Go to the working folder and execute this command:
../../build/tools/caffe train -solver ./solver.prototxt -weights ../bvlc_googlenet/bvlc_googlenet.caffemodel
Progress will be saved every 5000 iterations. When it continues, you can interrupt training and run Deep Dream on the network. The first results should be visible in the
inception_5b/output
layer
inception_5b/output
.
To resume learning, use the latest save progress with the following command:
../../build/tools/caffe train -solver ./solver.prototxt -snapshot ./MYNET_iter_5000.solverstate
Strategies for base_lr
There are several strategies for
base_lr
base_lr
during the first 1000 iterations. Watch the percentage of losses. During training, the value should gradually decrease to 0.0, however:
- If you see that the percentage of losses is higher and higher, interrupt the training and set the value to
base_lr
base_lr
five times lower than the current. - If the loss percentage is “stuck” at the same level and decreases very slowly, interrupt the training and set the value to
base_lr
base_lr
5 times higher than the previous value. - If none of the above strategies worked, then there is probably a problem and the training failed. Change image set and try again.
Some insights
The graphics processor of the author - NVIDIA GTX960 with 4 GB of RAM. Caffe is compiled with the CuDNN library. Every 5,000 iterations took about an hour. When using the CPU, the calculations were 40 times slower.
The author advises to stop learning after 40 thousand iterations, but once made 90 thousand. The user with the nickname DeepDickDream took 750 thousand iterations to add the portrait of
Hulk Hogan from the members.
You have little chance to make a set of images visible, if you do less than 100,000 iterations, but there is a good chance to see something new ... and without dogs.
In one category may be more images than others. For example, you can use 20 categories with two hundred pictures in them. You can train the network on random images, identical or similar - in general, whatever. The author failed to isolate the rule that provides the best result. Maybe it all depends on the content.
Examples
Network trained with images from the British Library. 11 categories. 100 thousand images (each image had 10 options). The inception layers 3, 4 and 5 have been cleared. The result was after 25 thousand iterations. The faces from the portrait album are clearly visible. Here is the image from layer
5b/output
5b/output
.

Subdivision of the British Library, containing only letters. 750 categories, one image each. 40 thousand iterations. Only the classification layer is cleared. I wonder why butterflies are clearly visible? Layer 5b.

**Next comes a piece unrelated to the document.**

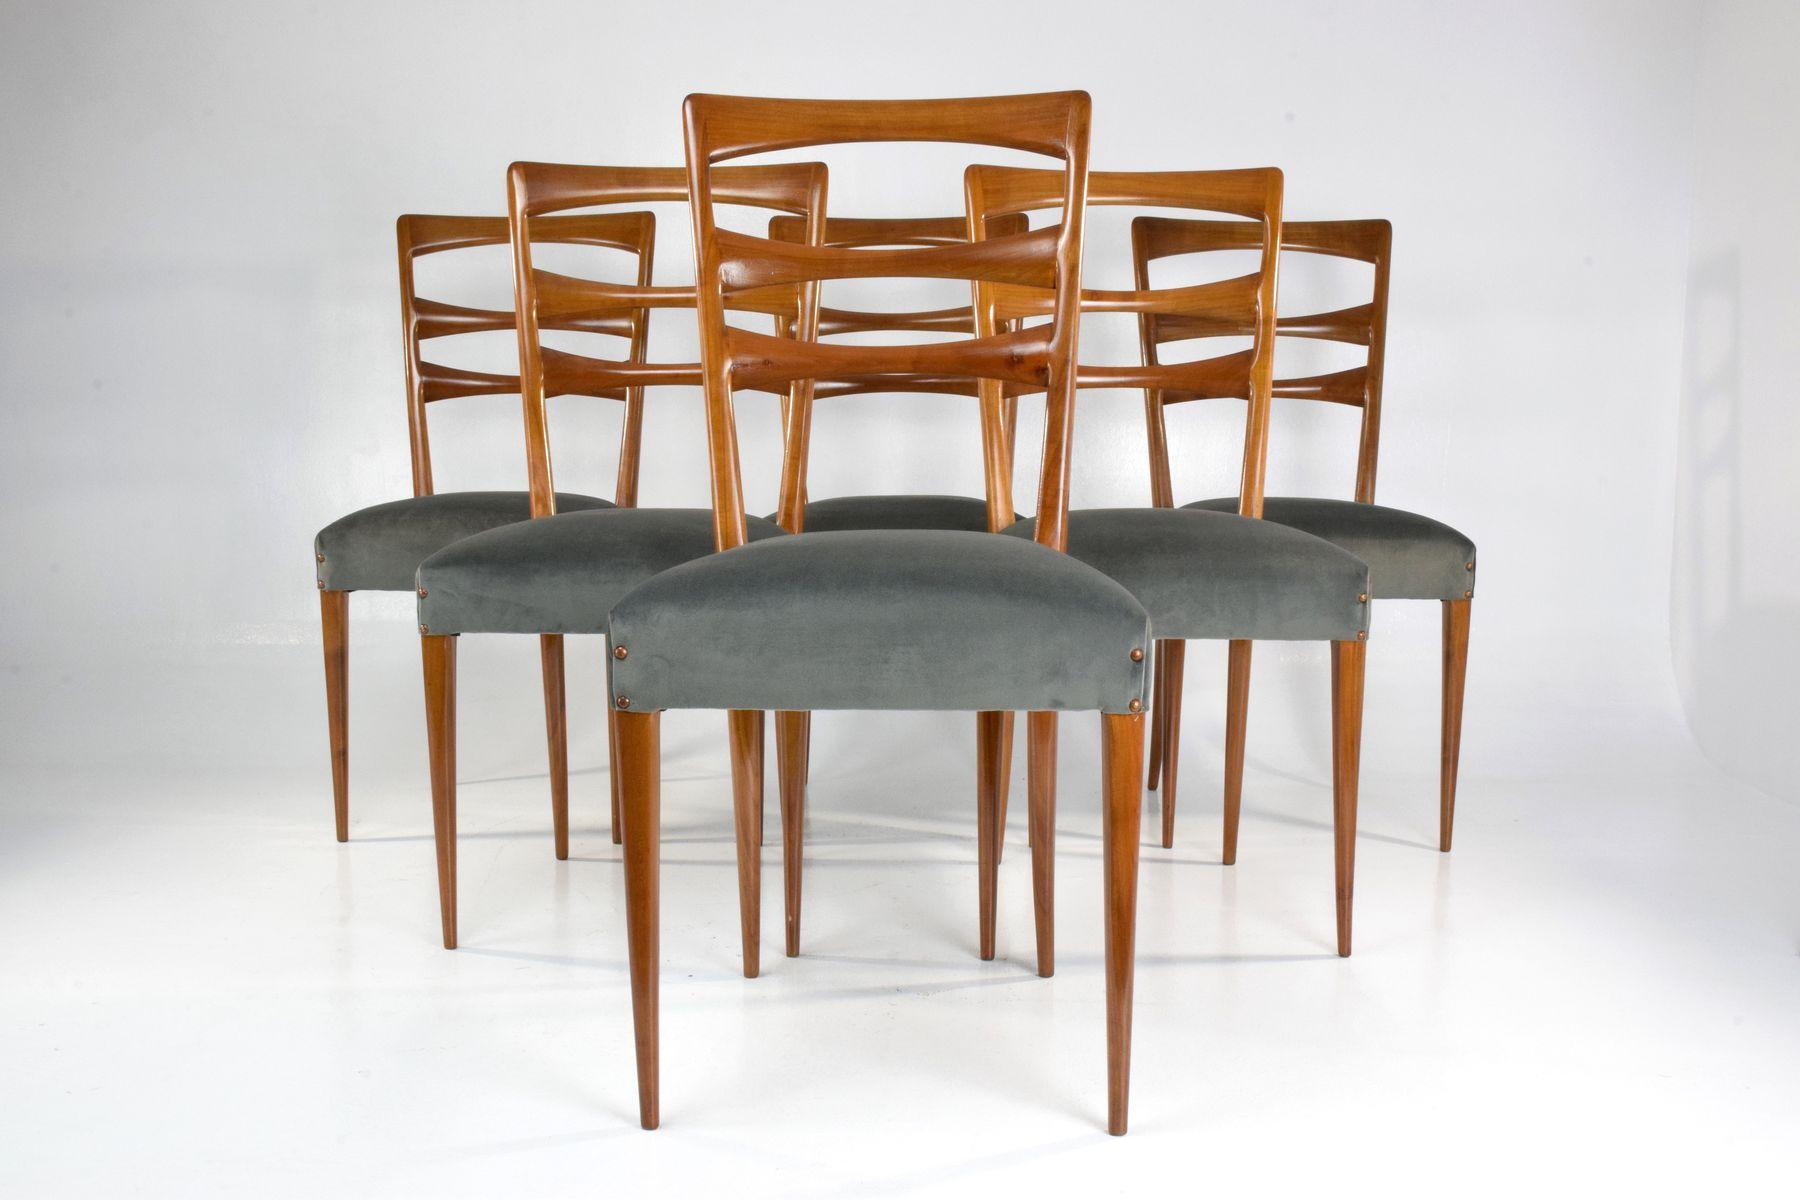 italienische esszimmerst hle mit samtbezug 1950er 6er. Black Bedroom Furniture Sets. Home Design Ideas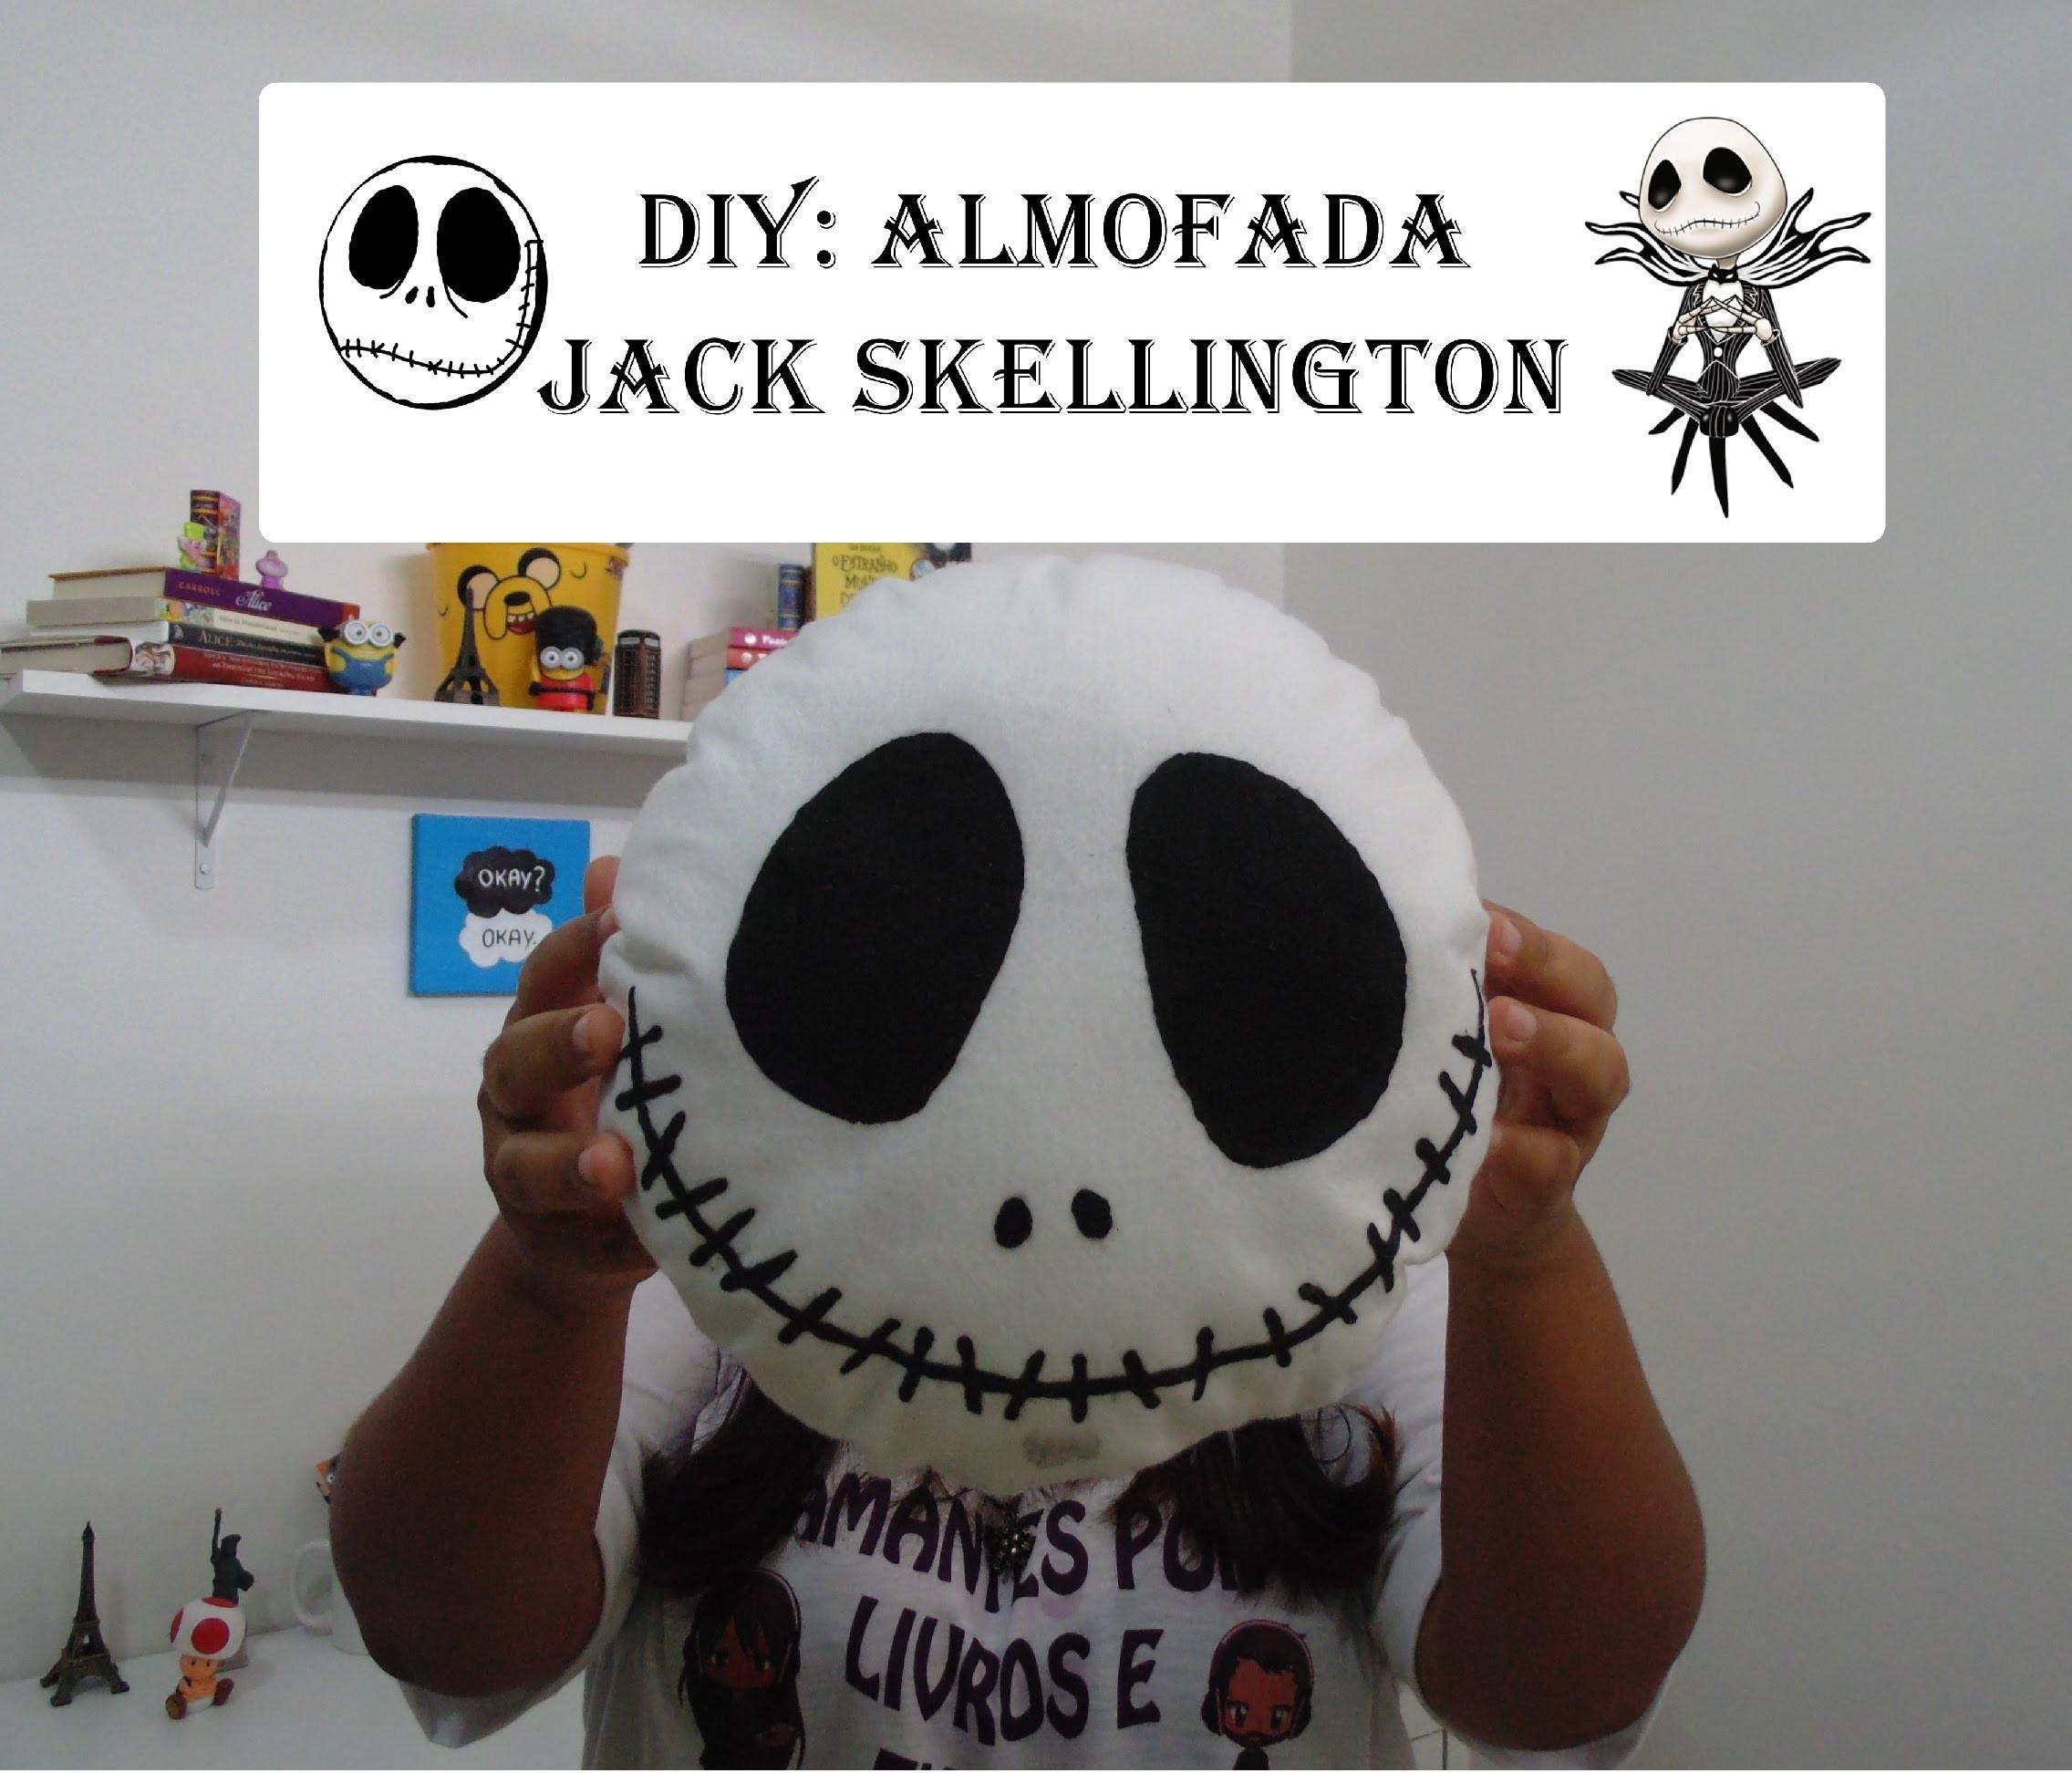 DIY Almofada do Jack skellington

The same picture, but with an hourglass. Layer 5a.

But a set of pornographic nature. 94 categories, 100 images each. 90 thousand iterations. Layer 5b.

The image is similar to the previous one, but with a modified set of images (the effects of image rotation, reflection, normalization, blur, etc.) are used. 40 thousand iterations. Layer 5b.

4 categories of distorted images, 1000 each, 65 thousand iterations. Pool5 layer.

An image similar to the previous one. 80 thousand iterations. With empty 3.4 and 5 layers. Layer 5b.

Abstract
- For this task, you do not need to train the network from scratch - just tune the parameters in Googlenet.
- The most difficult part is to download 200-1000 images that you want to use for training.
- Good work the same type of images.
- The size of all the pictures you need to change to 256x256.
- You can train the network on random images, identical or similar.